The US Cybersecurity plan is on top of the priorities of President Joe Biden. Of course, it was on top of former presidents as well, from Clinton to Trump. But now things are different: the impact on critical infrastructure and the increase in scale and magnitude of cyberattacks moved the Biden administration towards new, bold and necessary steps to contain the threat.
But what are the main steps taken and how is the Biden administration moving towards improving cybersecurity in the USA?
The urgency of critical infrastructure defense
Picture a factory that stops on its tracks because of ransomware. Access to the automated production line is cut, and information on parents and blueprints is stolen and/or lost. Bad enough for any industrial supplier, of course.
Now, imagine this factory is responsible for the US military jet fighters. What are the consequences of this attack, to both that factory but for the country’s military defense?
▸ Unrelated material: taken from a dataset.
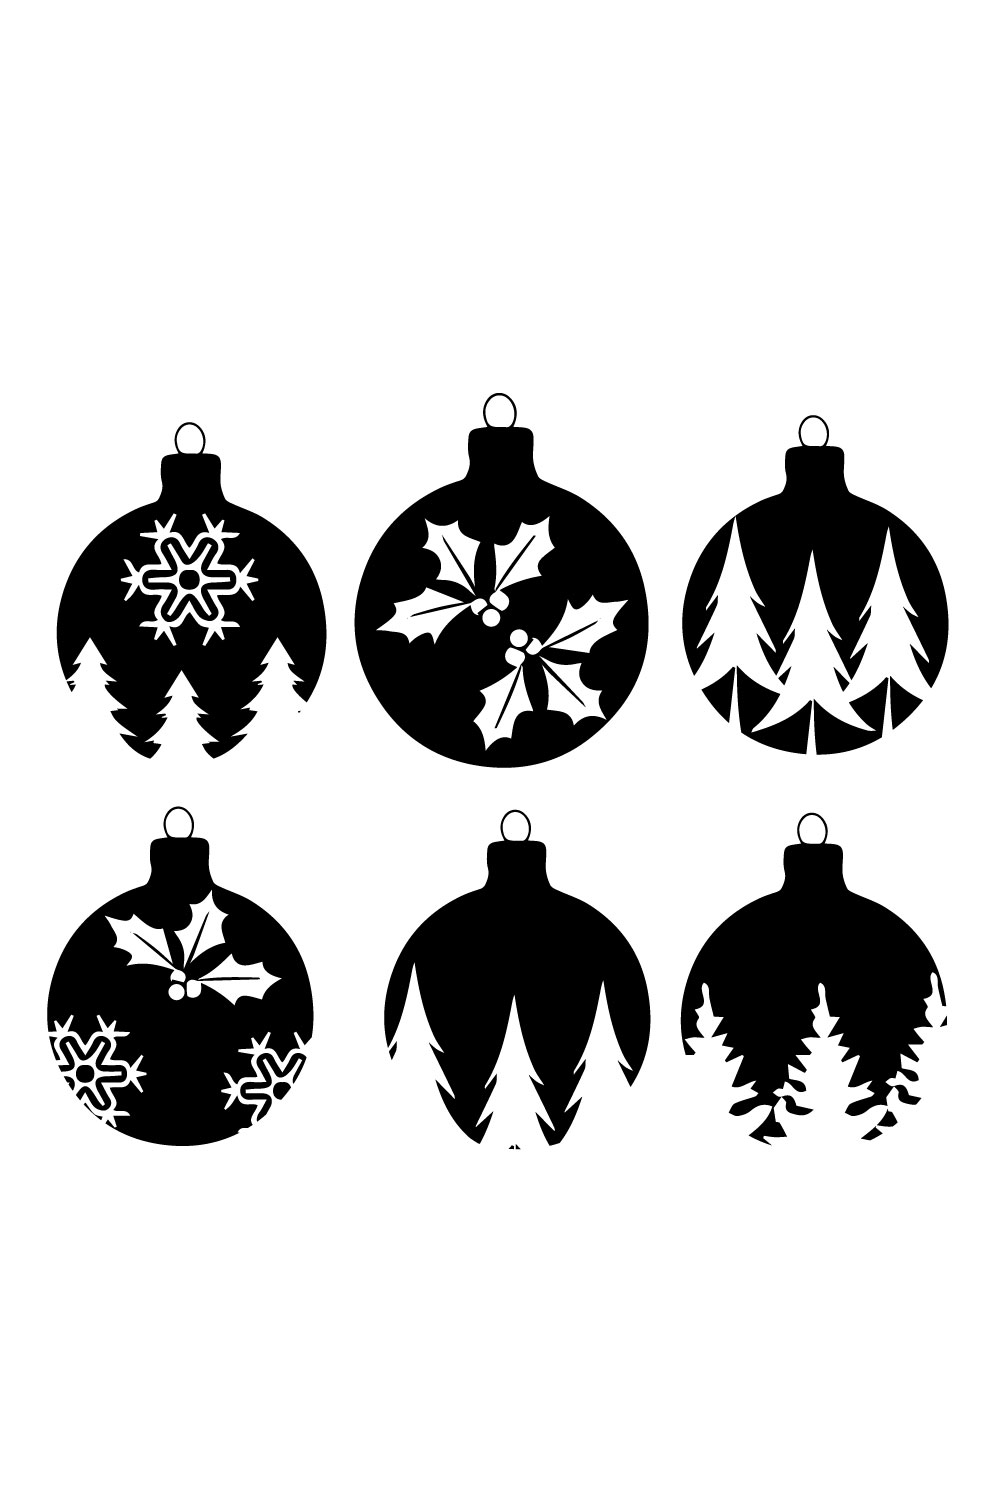 A selection of beautiful black images of Christmas decorations in the shape of a ball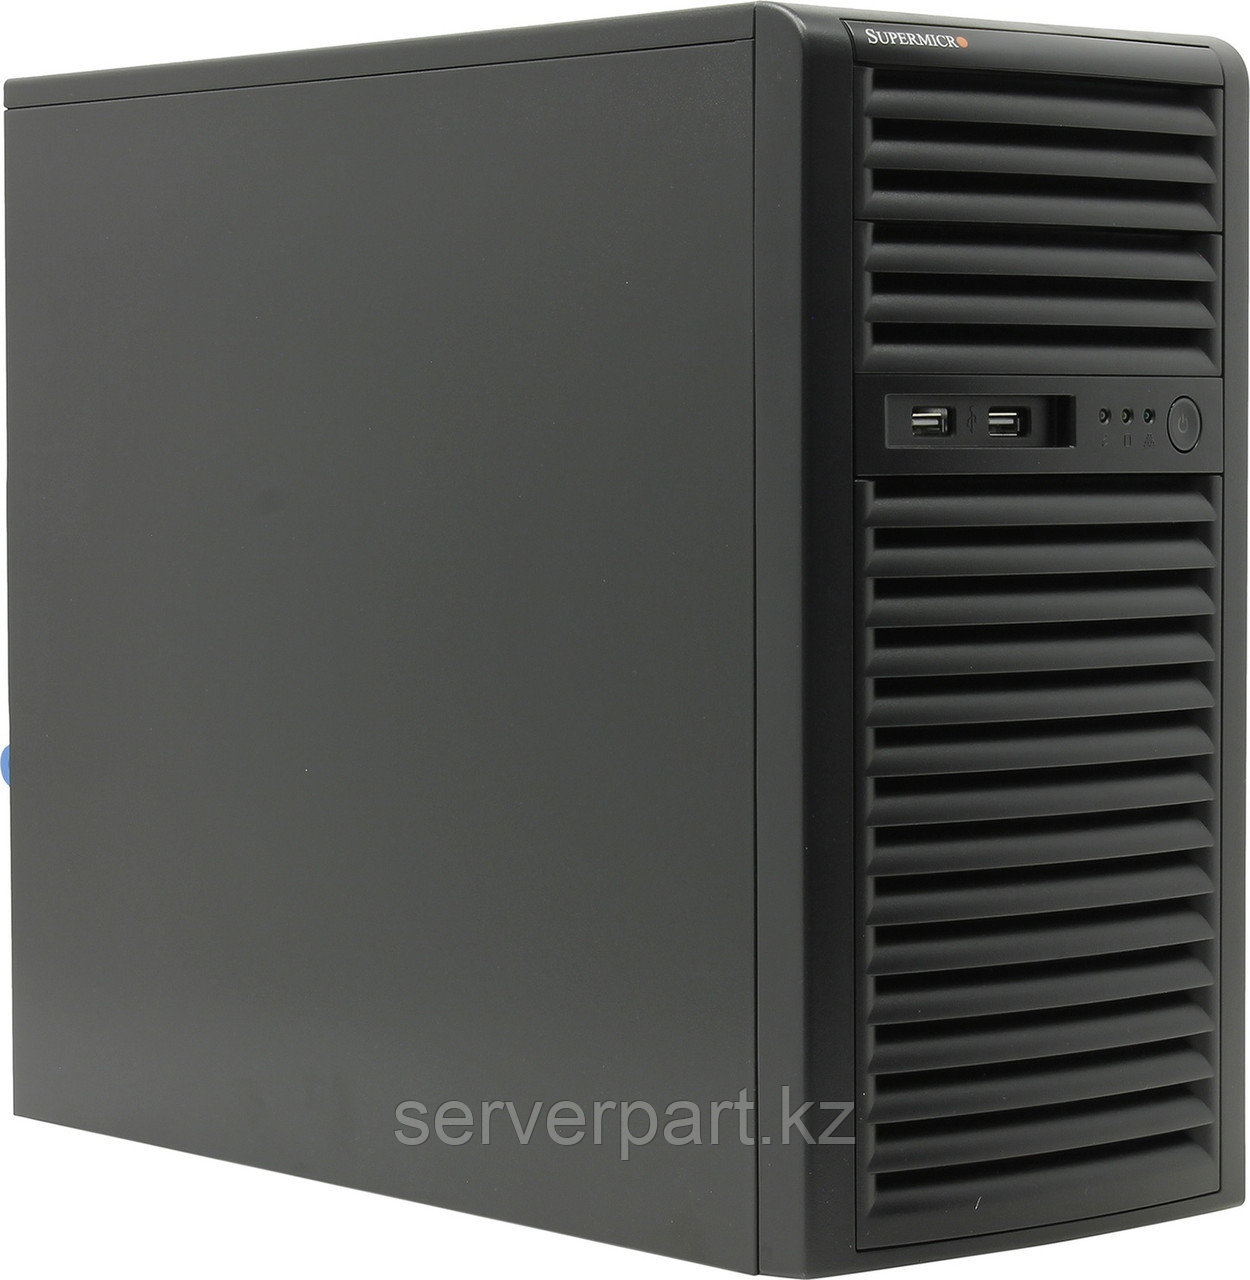 Сервер Supermicro SYS-5039C Tower 4LFF/4-core intel xeon E2124 3.3GHz/48GB EUDIMM/no HDD up-to 4

Financial losses on private corporations are nothing new in the cyberattack world. However, criminals have shifted their focus from corporations to governments and the critical infrastructure they manage or depend on. These provide essential services and raise the stakes for cybercrime. The equation is simple:
Highest disruption + higher number of lives impacted = higher ransom payments.
When asked why he paid $4.4 million in ransom on the recent Colonial Pipeline ransomware attack, CEO Joseph Blount replied: “It was the right thing to do for the country.” That’s what concerns Joe Biden, just as it should concern every country leader.
How serious is the Biden administration about cybersecurity?
Before we go into details of all the steps President Joe Biden has taken to improve the US government cyber defense, let’s go back to 2013, during the Obama administration.
The Presidential Policy Directive – PPD21 was established on February 12, 2013, and listed the 16 Critical Infrastructure Sectors. Each one of these made the list for being a sector that if disrupted “would have a debilitating effect on security, national economic security, national public health or safety, or any combination thereof.”
Even at a time when Joe Biden was only the vice-president and attacks on critical infrastructure were not a hot topic, the concern was there, and it’s the foundation of the US cybersecurity policies and actions today.
Going back to 2021, what are the main steps that the Joe Biden administration took to make the US more resilient to cybercrime?
Policies: The Executive Order signed by Joe Biden to improve cybersecurity
In May 2021, Joe Biden signed an executive order, aiming to raise government cybersecurity standards and increase cyber attack defense. One of the main points of the executive order is the implementation of the Incident Review Board, to analyze cyberattacks, much like it’s done with airline accidents. That is a proactive shift, to try and understand the vulnerabilities of the 16 critical infrastructures and build defenses on top of data and intelligence.
The other important points of the order include new vendor standards, encryption requirements, and zero trust architecture. See the video below for details:
Investigative power: ransomware = terrorism
Following in the footsteps of the Executive Order signed by Joe Biden, the US Justice Department elevated ransomware investigations to a status similar to terrorism. That change happens mainly to elevate the status of such attacks and generate more serious accountability.
However, another important takeaway from this decision is in investigating the entire chain of a cyberattack. Many criminal groups operate from foreign countries, mainly Russia, and with the escalation from common crime to terrorism, the FBI can work more efficiently on going up the chain.
Grassroots: empowering businesses from the ground up
One of the most vulnerable parts of the critical infrastructure is businesses. Being so, one of the action points of the Biden administration was improving the cyber awareness of American organizations. This movement started with an open letter from the White House to give directions for improved cyber defense. The letter includes tips on separating business and production systems, for example.
Since there’s no government control of these endpoints and systems, but considering they are part of the bigger critical infrastructure. The next steps of the Biden administration will include incorporating them in the country’s cybersecurity umbrella, with the same guidelines and compliance policies.
What’s next for Joe Biden and the US cybersecurity?
It’s safe to say that Joe Biden will work on cybersecurity at home and beyond the US borders. Everything we mentioned in this article is proof of the first. As for the second, it’s worth mentioning meetings with other leaders, to communicate the strategy and stimulate mutual cooperation.
In an example of this movement, the US president had a meeting with Russian President Vladimir Putin, where he claimed that “certain cyberattacks should be off-limits,” a clear reference to a partnership between the two nations to mitigate these intrusions. Not only that, a mention to the fact that omissions won’t be tolerated.
Since the US is a strong reference, it’s worth following the next steps of these policies and action plans. By doing so, we can learn the actual impact of cybersecurity on critical infrastructure.